Search code examples
amazon-web-servicespysparkpowerbiamazon-athenadirectquery

How do I replace AWS Athena in my PowerBI DirectQuery structure?


I have built 14 AWS Glue jobs (using Pyspark) that retrieve data from a few sources, partition the data by a "uuid" field and write them to S3 in parquet files to be consumed through AWS Athena.

The goal of this pipeline is to make data available for some PowerBI reports that can be quite complicated. We are currently using DirectQuery, as we wanna scale our operation even more, and that'll grant us less headache when pushing hotfixes/changes in our reports.

The problem is that this DirectQuery connection using AWS Athena is looking very slow.
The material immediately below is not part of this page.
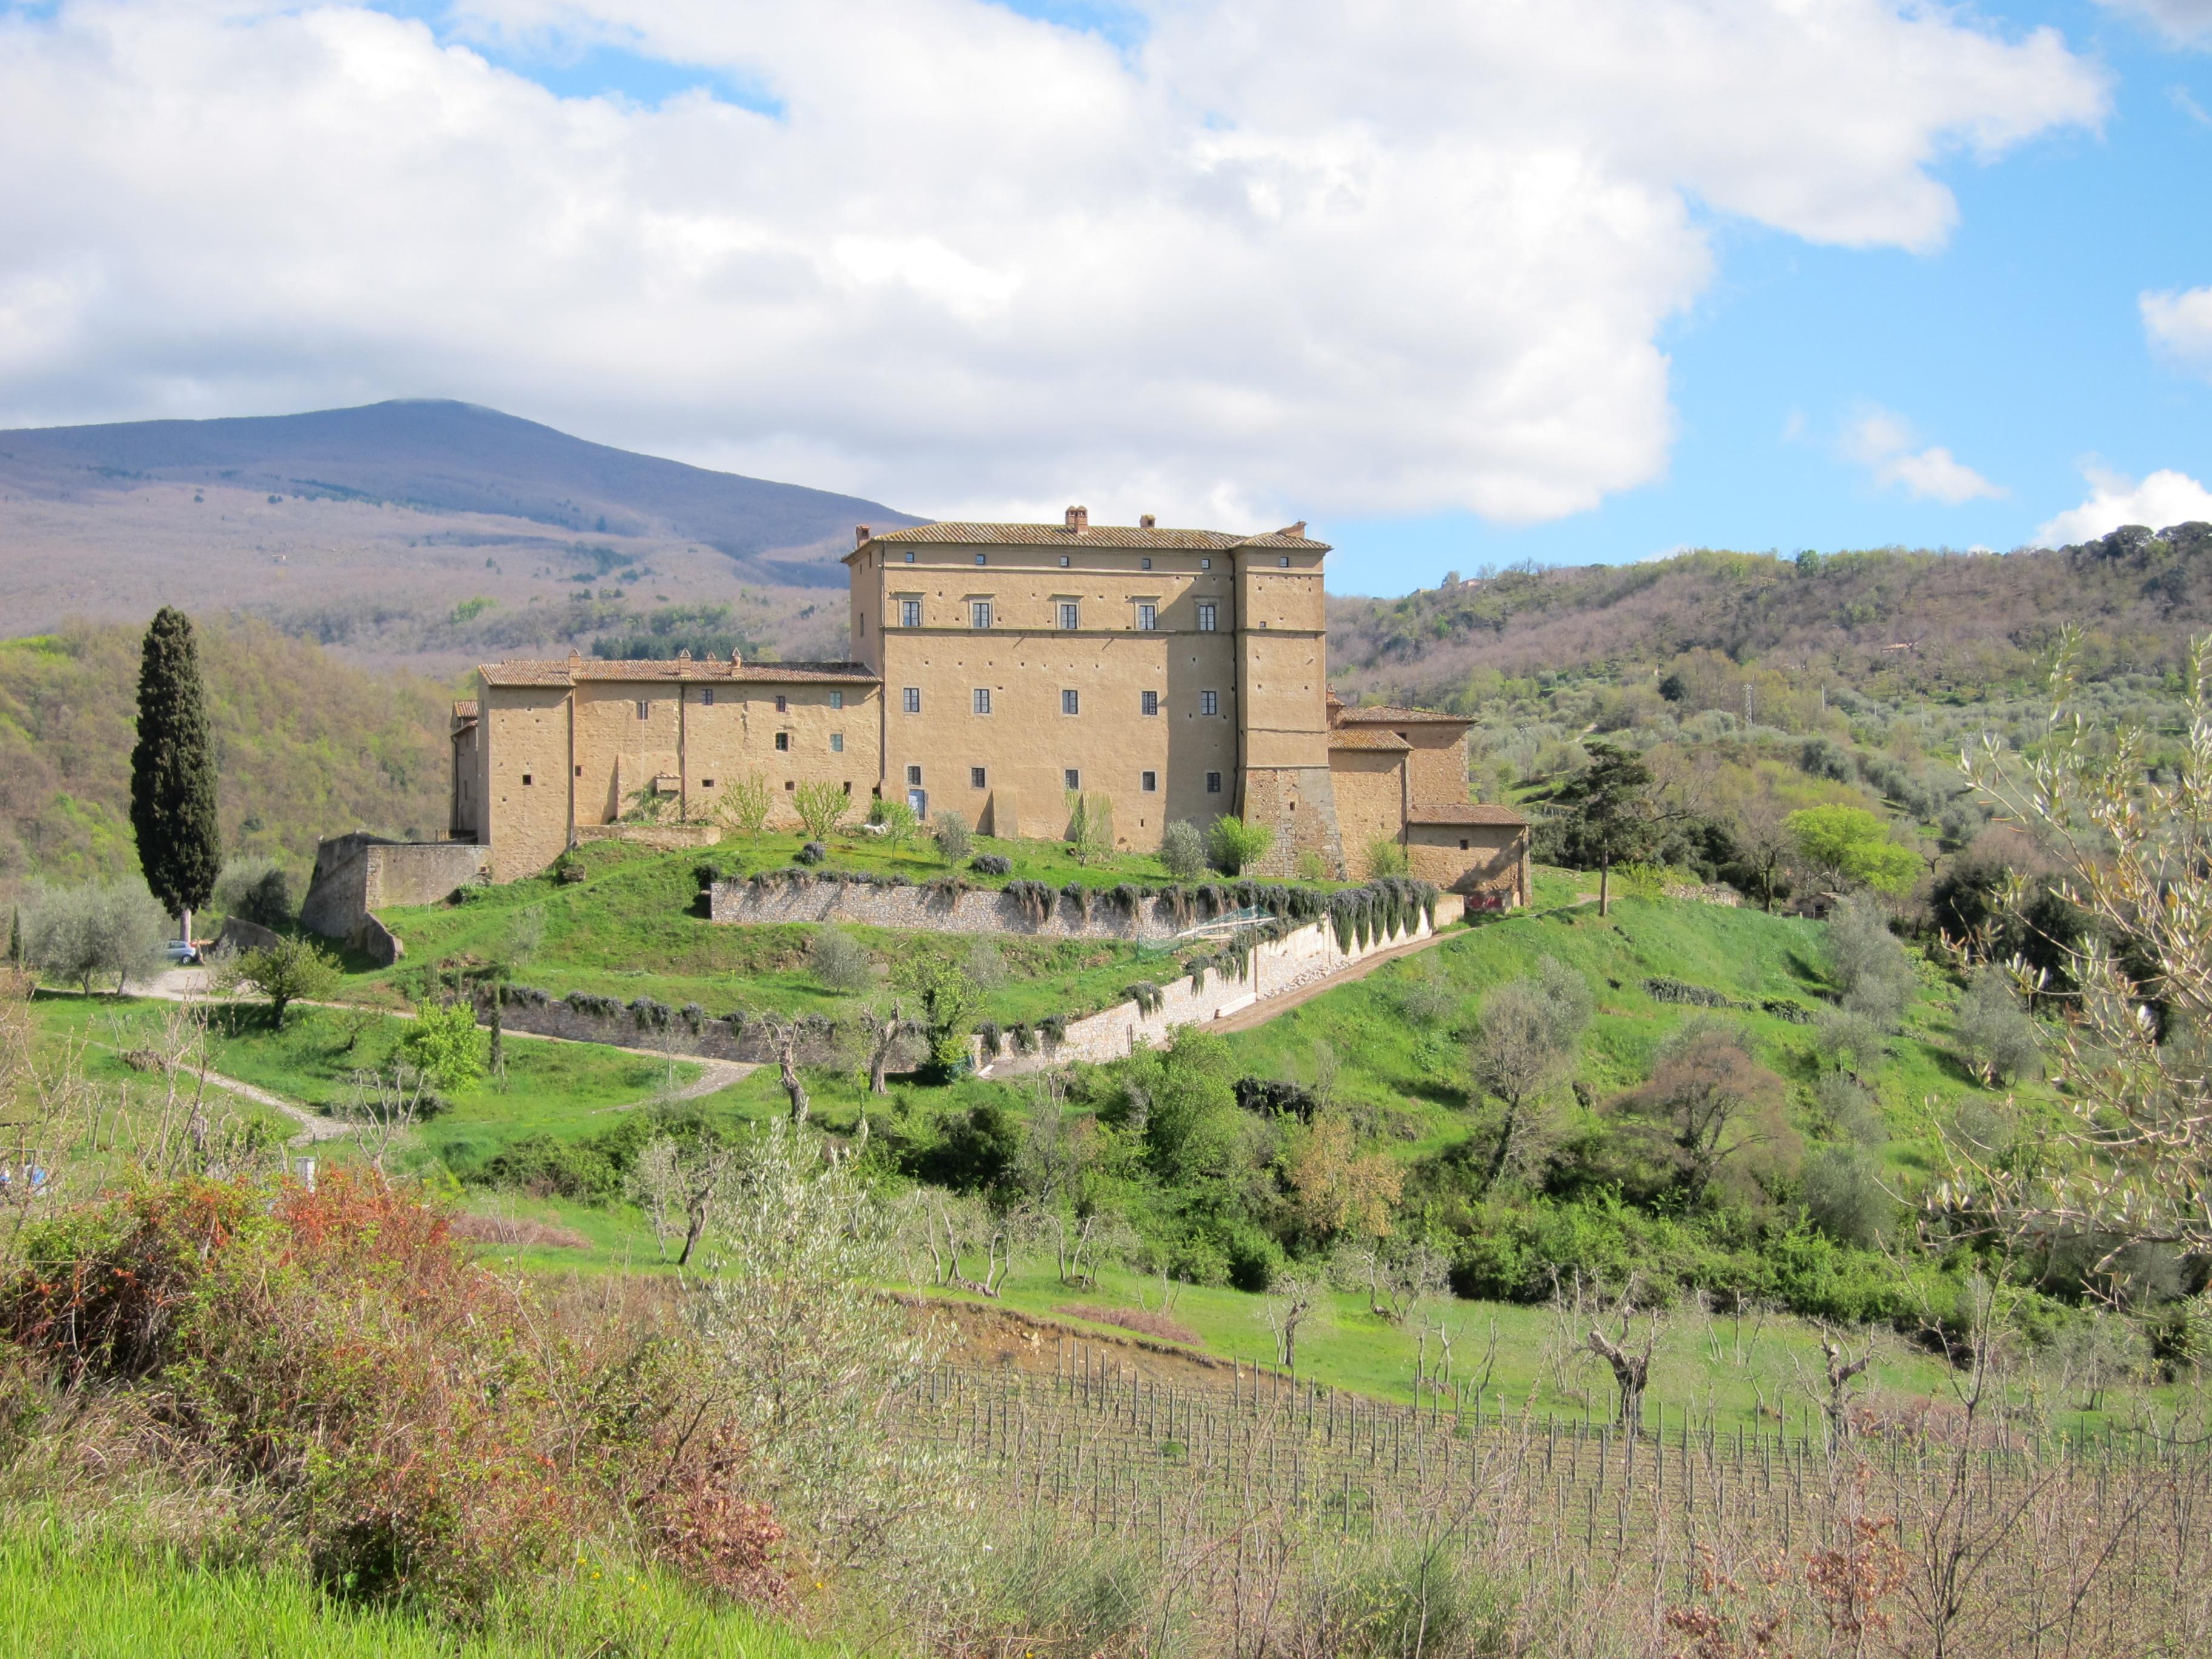 Castello del Potentino 01 - Apr 20, 2012.jpg

And I really mean it. The Athena Connector in PowerBI is basically an ODBC.

I am looking for any options that would enable us to use PowerBI DirectQuery, leverage the Glue jobs I created and still have the performance we want in our reports.

Disclaimer: I know Microsoft has released a "Microsoft Fabric" feature that allows us to build data treatment pipelines and a Lakehouse, just as I did with AWS Glue & Athena, but their prices are just insane, and I'm not willing to pay that much for such poor capacity.

Currently, I tried optimizing our queries, partitioning our data and optimizing our DAX metrics, as they're the time-consumers in the process now. But still, I feel like Athena could be something that's holding us back.


Solution

  • To be honest, I just left Athena and got a dedicated server. Issue resolved!